Silent screen actress Barbara La Marr, known as the “too beautiful” girl, was a legend in her time, leading an astounding, oftentimes scandalous life described by newspapers of the day as “a wilder story than she ever helped to film.”  Join me, Sherri Snyder, at Hollywood Forever Cemetery on Sunday, October 13 as I once again don my seamed stockings and paint on my bee-stung lips to portray Barbara in a one-woman performance piece that I wrote about her.  Barbara’s banishment from Los Angeles at age seventeen for being “too beautiful”; her notable careers as an actress, a dancer, a vaudevillian, and a screenwriter; her death at age twenty-nine in 1926; and more will be spotlighted.

My performance is part of the Los Angeles Art Deco Society’s 36th Hollywood Forever Cemetery tour.  Also featured on the tour are the stories—told by performers and historians—of silent screen god Rudolph Valentino, action hero Douglas Fairbanks Sr., actress and William Randolph Hearst mistress Marion Davies, filmmaker Cecil B. DeMille, slain director William Desmond Taylor, and over twenty other early Hollywood stars, movie moguls, and pioneers interred at Hollywood Forever. For ticket information and additional details, click here. This event typically sells out.

In addition to performing as Barbara on the tour for many years, this is my third year producing the tour since Frank Cooper, the man who created and ran it for thirty-three years, handed me the reins. 

Photo: (L to R) Barbara La Marr and me (Sherri Snyder) as Barbara.

My Barbara La Marr Book Signing at Cinecon August 31, 2019

I will be at the Cinecon Classic Film Festival on Saturday, August 31 from 11 a.m. to 3 p.m., signing copies of my biography, Barbara La Marr: The Girl Who Was Too Beautiful for Hollywood.  Book signings, part of the festival’s Memorabilia Show, will be located in the third floor meeting area at Lowes Hollywood Hotel (1755 North Highland Avenue, Los Angeles 90028).  Information on the festival’s film screenings and other events may be found here.  I’m looking forward to seeing everyone.

Cinema Chat Barbara La Marr Interview

Happy Birthday Anniversary to Barbara La Marr (July 28, 1896 – January 30, 1926)! Though Barbara passed away at age twenty-nine from tuberculosis and nephritis, it was said that she lived many lives in one.

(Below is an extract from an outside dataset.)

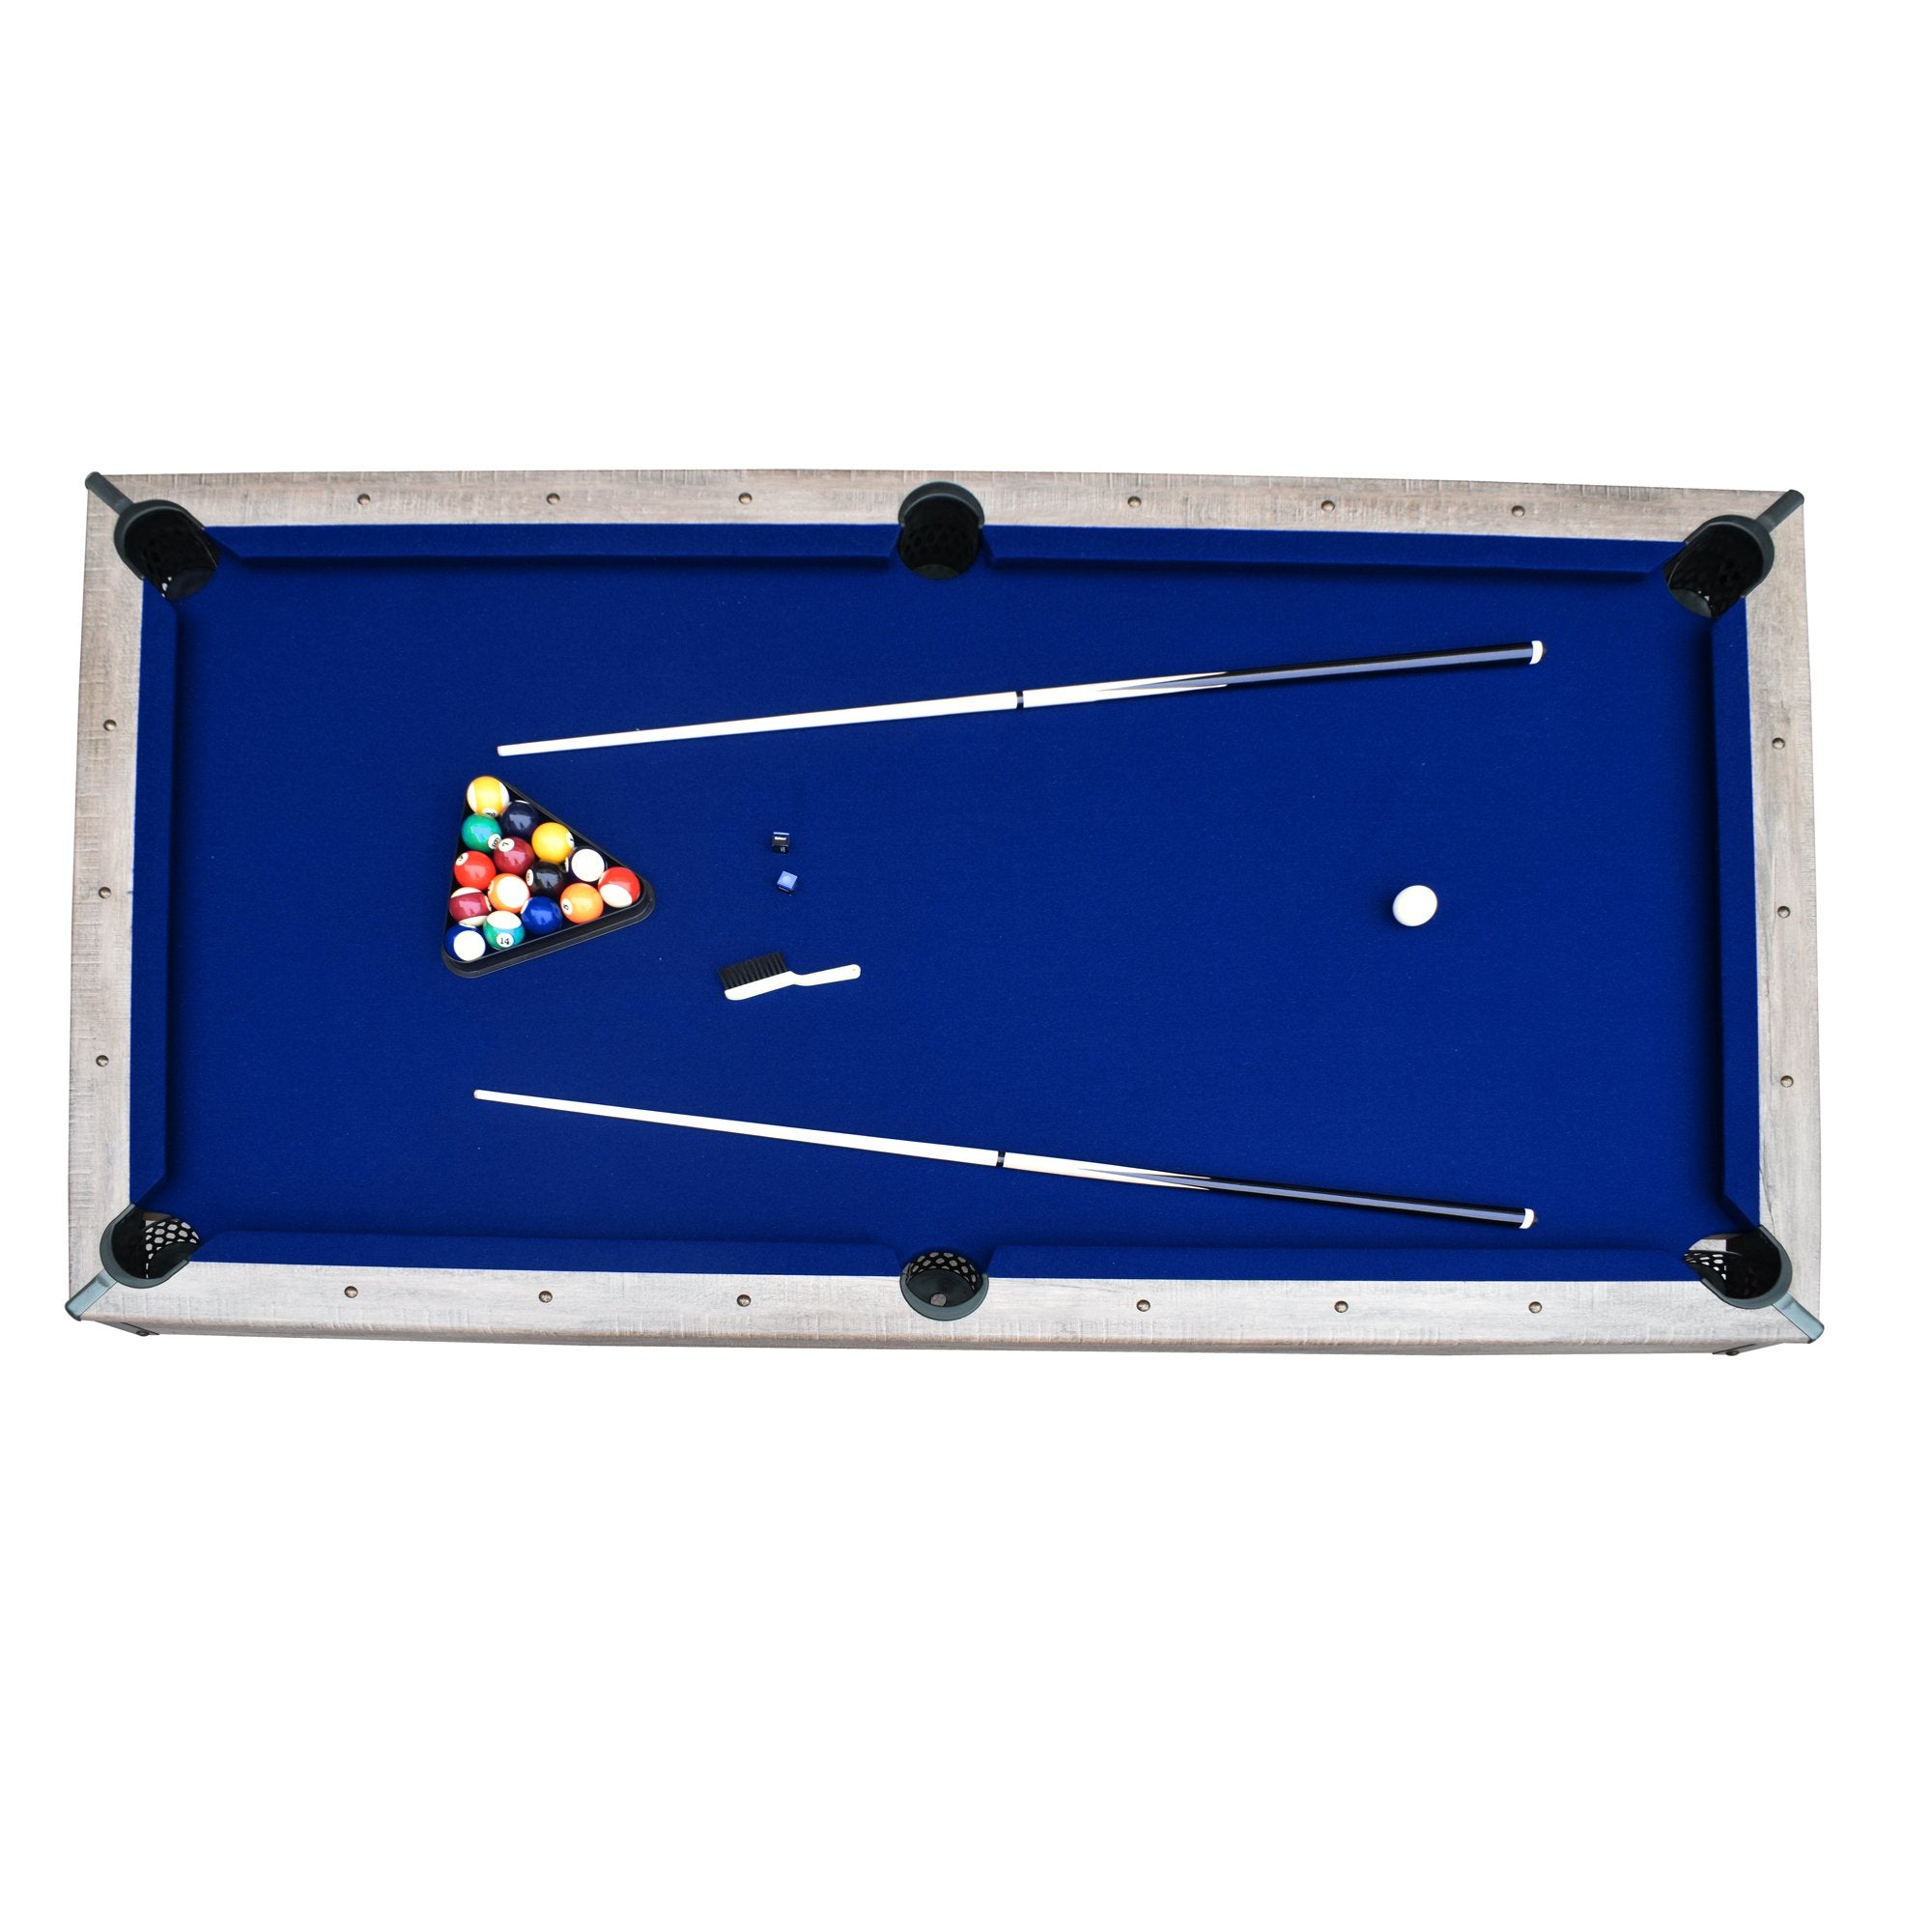 Hathaway Logan 7-Ft 3 in 1 Pool Table with Benches - Multi-Game Table with  Ping Pong and Billiards - Brown Finish - Indoor Use in the Multi-Game Tables  department at

Thank you to David Heath, host of Cinema Chat, for having me on his podcast to discuss Barbara’s turbulent teenage years; her many matrimonial ventures; her accomplished careers as a stock theater actress, dancer, vaudevillian, and Fox Film Corporation story writer; her ascension to worldwide fame as one of the silent screen’s leading actresses; and more.

In Honor of Father’s Day

Though silent screen star Barbara La Marr and her father, newspaperman and writer William Watson, had their differences—he initially disapproved of her film acting aspirations; clashed with her free-spirited nature; and endured her turbulent, oftentimes scandalous life—they loved each other very much. When Barbara was allegedly kidnapped at age sixteen by her estranged half-sister, William told the press he would spend every cent he had to find her. He was by her side when she wrote stories for the Fox Film Corporation in 1920, typing her manuscripts as she dictated them to him. And when Barbara, plagued by incipient pulmonary tuberculosis and nearing her life’s end, struggled to complete her final film, The Girl from Montmartre (1926), William accompanied her to work at the studio to support and watch over her.    

(Photo above: Barbara La Marr and her father, William Watson, arrive at United Studios in 1925 during the filming of The Girl from Montmartre.)